As shown in FIG. 2C, the whole mold set M including the upper mold M_u, the lower mold M_l and the sealing component S is removed after the encapsulating material 55 has been formed. The electronic package 2 shown in this embodiment can be obtained.

This embodiment also provides the electronic package 2 including the carrier structure 20; the electronic component 30 bonded to the top surface of the carrier structure 20; the heat conduction component 40 bonded to the top surface of the electronic component 30; the substrate 50 having the first surface 50a, the second surface 50b opposite to the first surface 50a, and the opening51 connecting the first surface 50a and the second surface 50b and exposing the heat conduction component 40; and an encapsulating material 55 at least encapsulating the surroundings of the electronic component 30 and the heat conduction component 40. The first surface 50a of the substrate 50 is bonded to an area of the carrier structure 20 surrounding the electronic component 30, the second surface 50b of the substrate 50 is lower than the top surface of the heat conduction component 40, and an enclosure 52 is formed on an area of the second surface 50b around the opening 51. The top surface of the encapsulating material 55 is lower than the top surfaces of the heat conduction component 40 and the enclosure 52. The top surface of the heat conduction component 40 may be higher than the top surface of a solder mask material 52m but not higher than the top surface of the enclosure 52.

In some embodiments, the heat conduction component 40 is a dummy die.

In some embodiments, the heat conduction component 40 is bonded to the electronic component 30 through the bonding layer 60.

In some embodiments, the substrate 50 is bonded to and electrically connected to the carrier structure 20 through the plurality of conductive components 70.
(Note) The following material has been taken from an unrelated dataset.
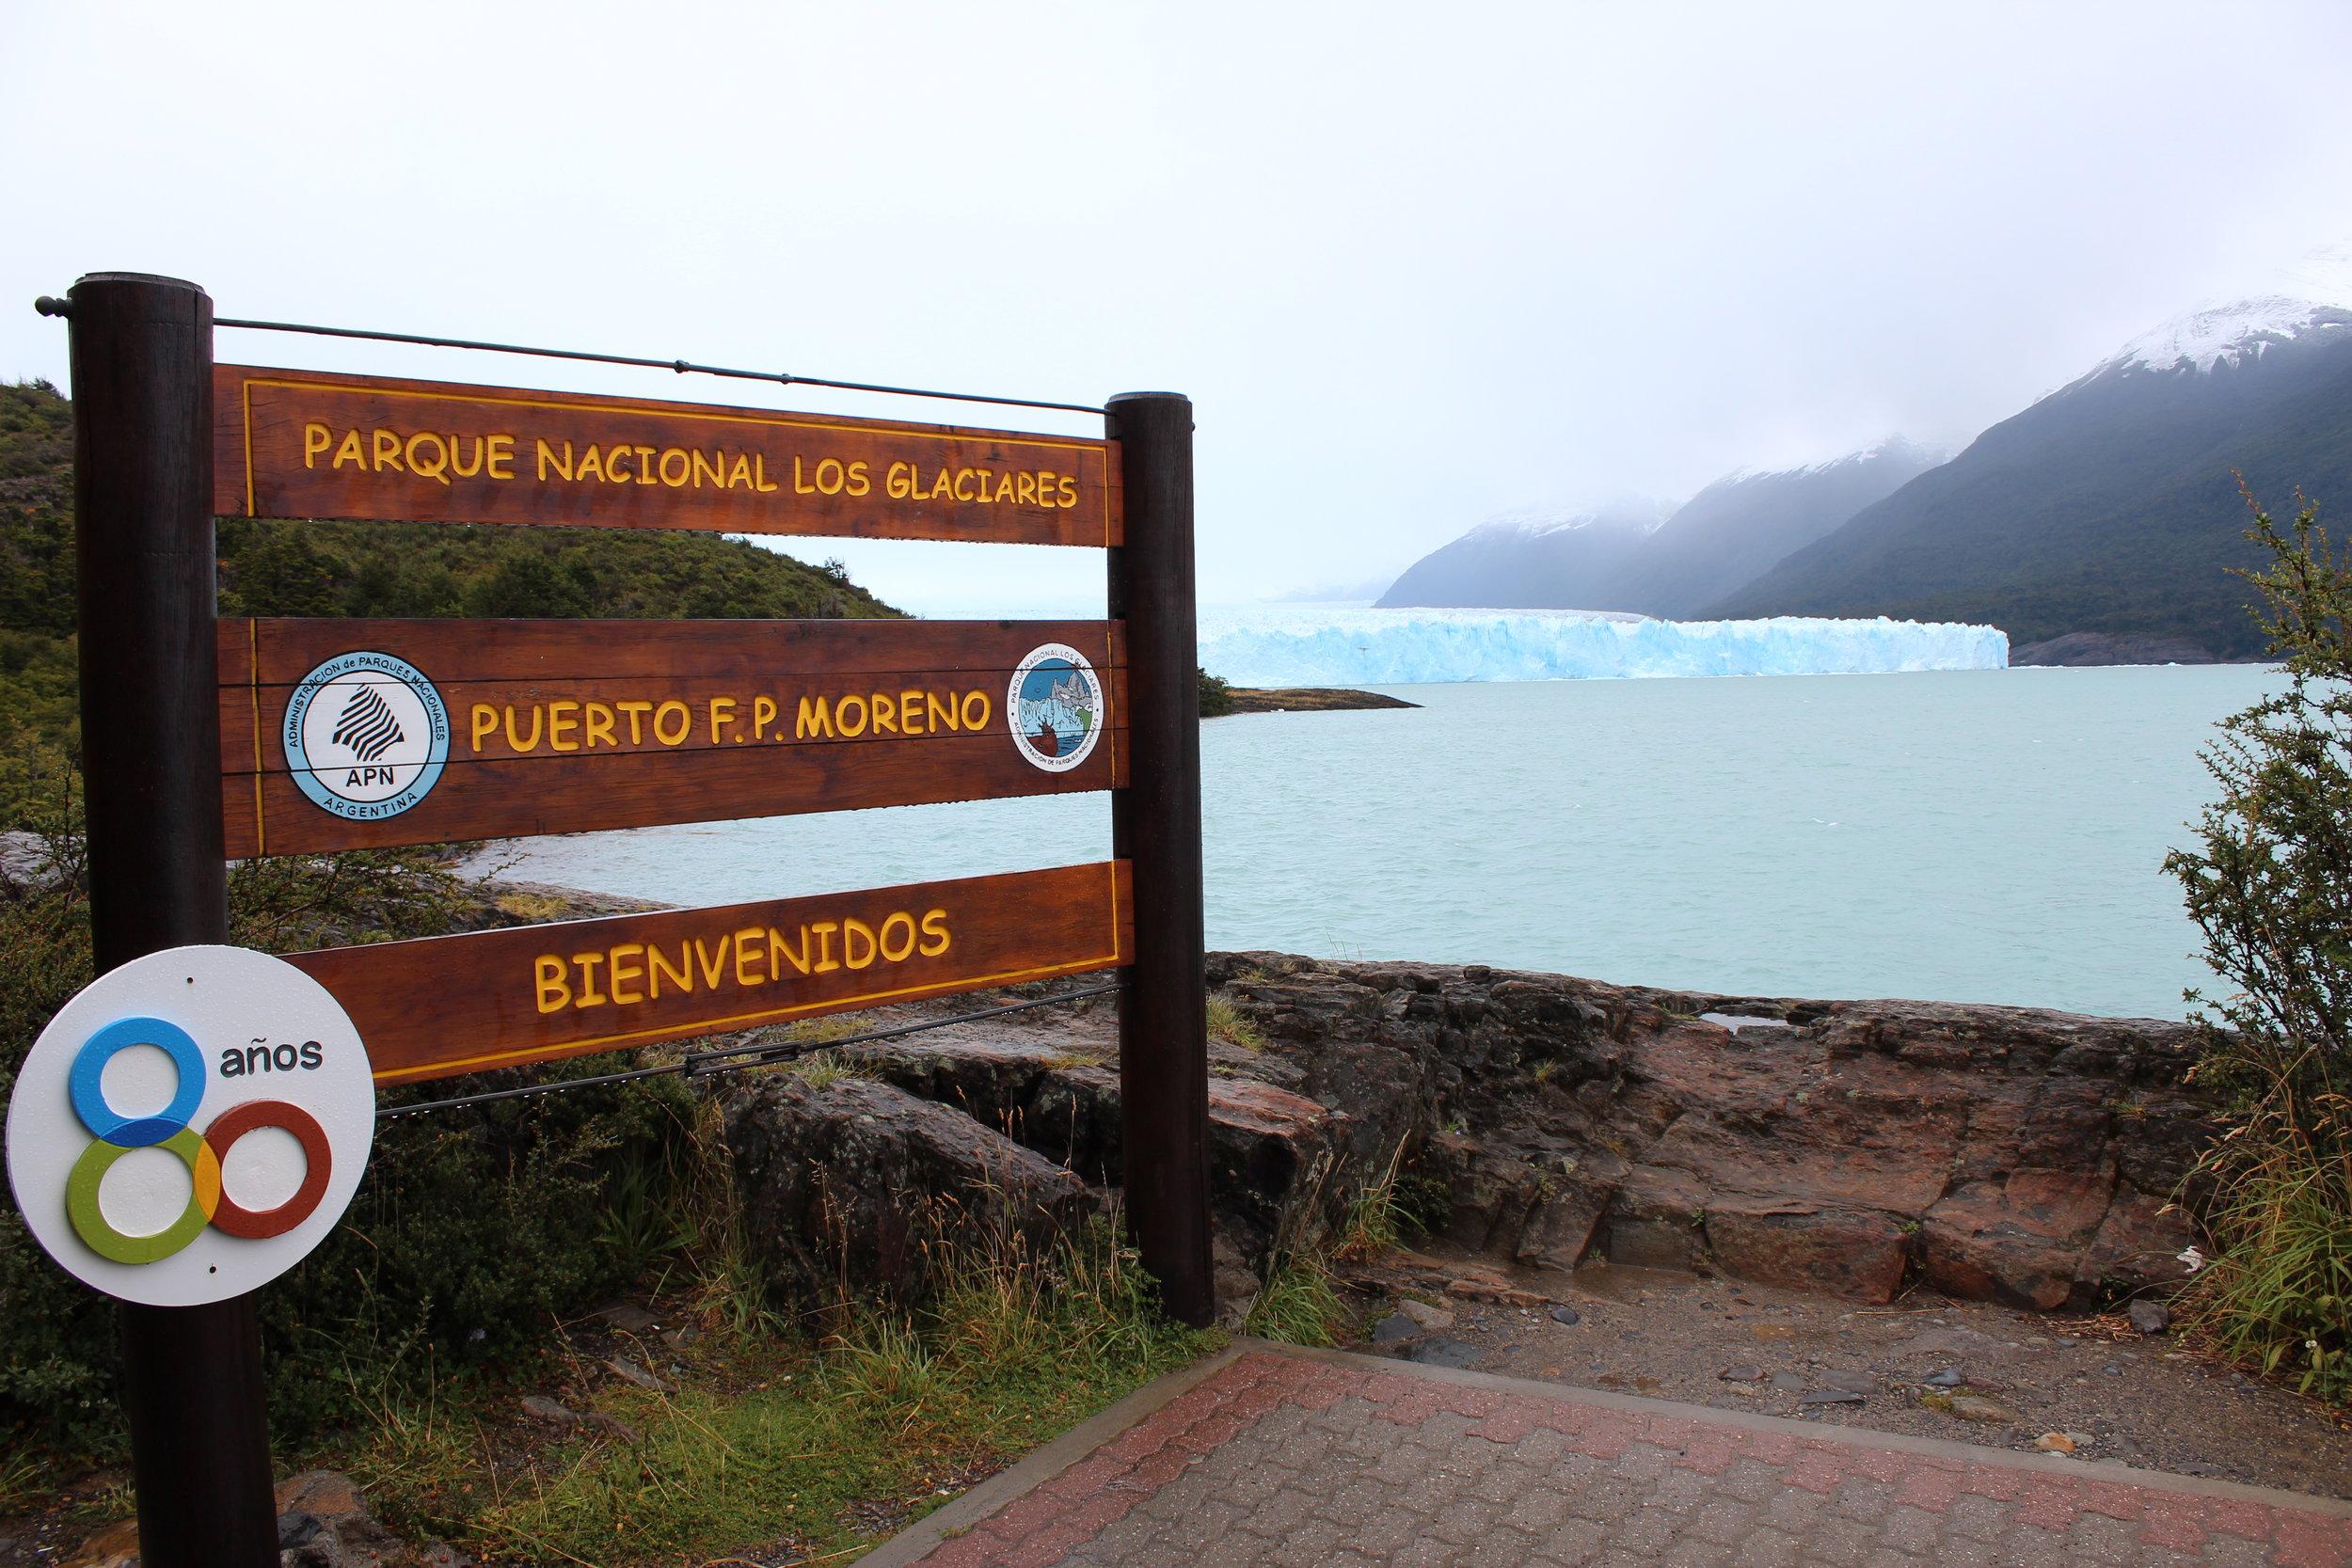 Perito Moreno Glacier is located in Los Glaciares National Park

In some embodiments, the substrate 50 comprises the solder mask material 52m and at least one conductive trace 53a and a thickened conductive trace 53b disposed beneath the solder mask material 52m, and the enclosure 52 is composed of the thickened conductive trace 53b and the solder mask material 52m.
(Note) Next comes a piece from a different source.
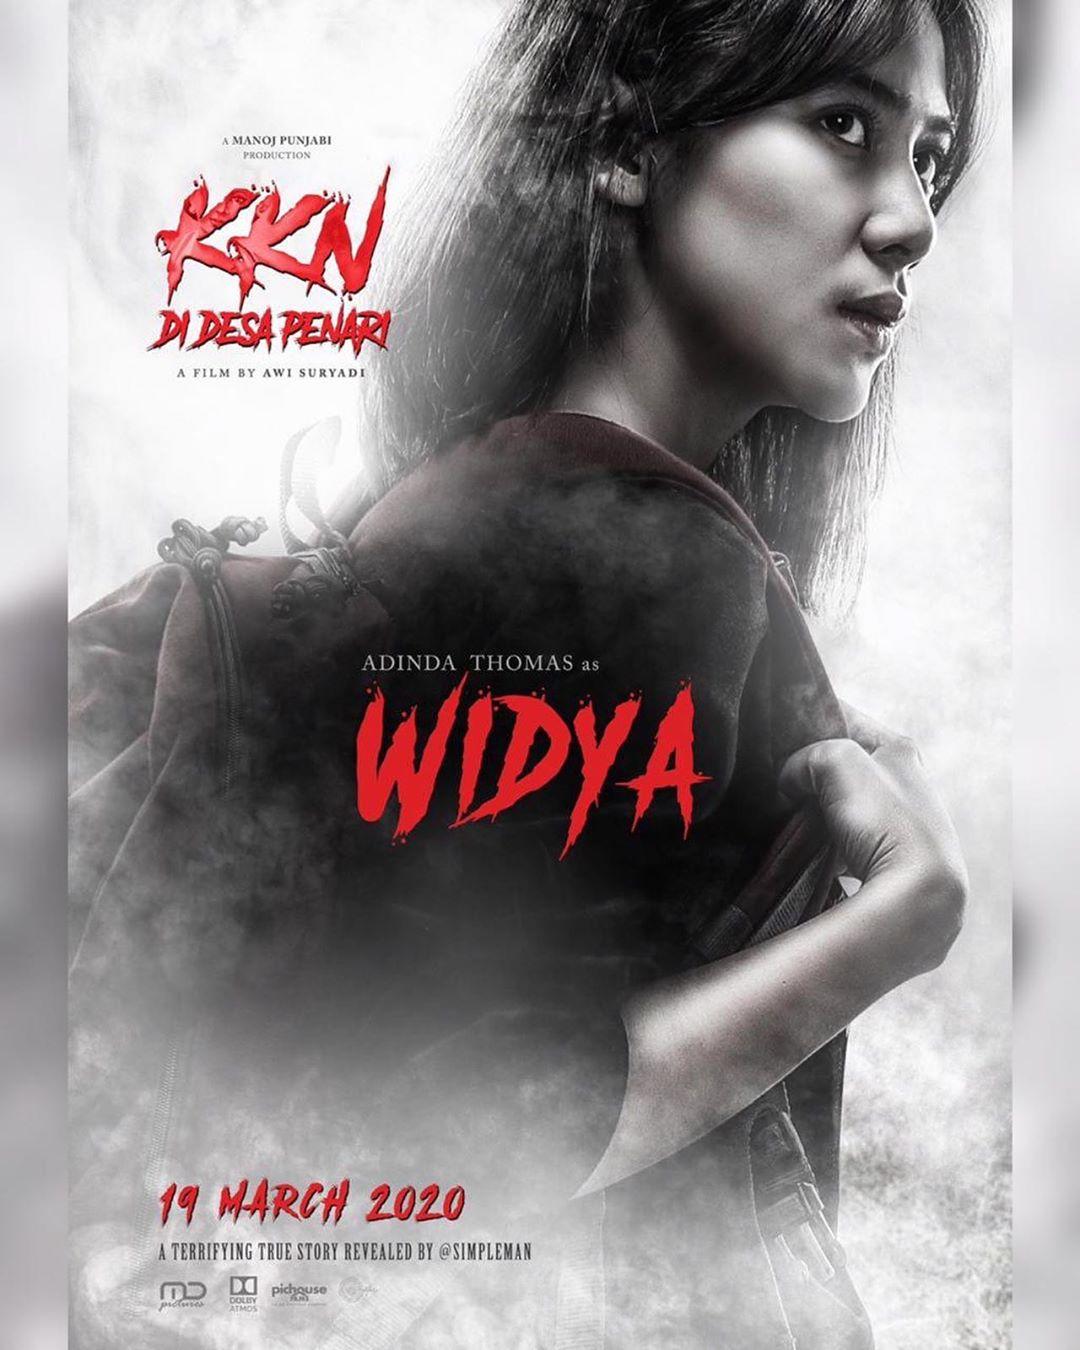 Adinda Thomas Sebagai Widya di Film KKN di Desa Penari

In some embodiments, the enclosure 52 may surround around the opening 51 continuously or separately.

In summary, in the electronic package and the manufacturing method thereof shown in this embodiment, the sealing component or die attach film covering the heat conduction component and the substrate will certainly form a tight seal with the top surface of the heat conduction component during molding process by the design of the top surface of the heat conduction component higher than the upper surface of the substrate disposed on the carrier structure. Therefore, the encapsulant used to form the encapsulating material overflowing to the top surface of the heat conduction component and the area of the top surface of the heat conduction component contacting air being reduced can be avoided. In addition, poor electrical contact caused by the encapsulant overflowing to the top surface of the substrate and covering the electrical contacts located on the top surface of the substrate can be prevented by forming the enclosure around the opening of the substrate. Therefore, failures of the electronic package due to poor heat dissipation or poor electrical contact can be avoided, thereby the reliability of the electronic package can be improved.

The above embodiments are set forth to illustrate the principles of the present disclosure, and should not be interpreted as to limit the present disclosure. The above embodiments can be modified by one of ordinary skill in the art without departing from the scope of the present disclosure as defined in the appended claims. Therefore, the scope of protection of the right of the present disclosure should be listed as the following appended claims.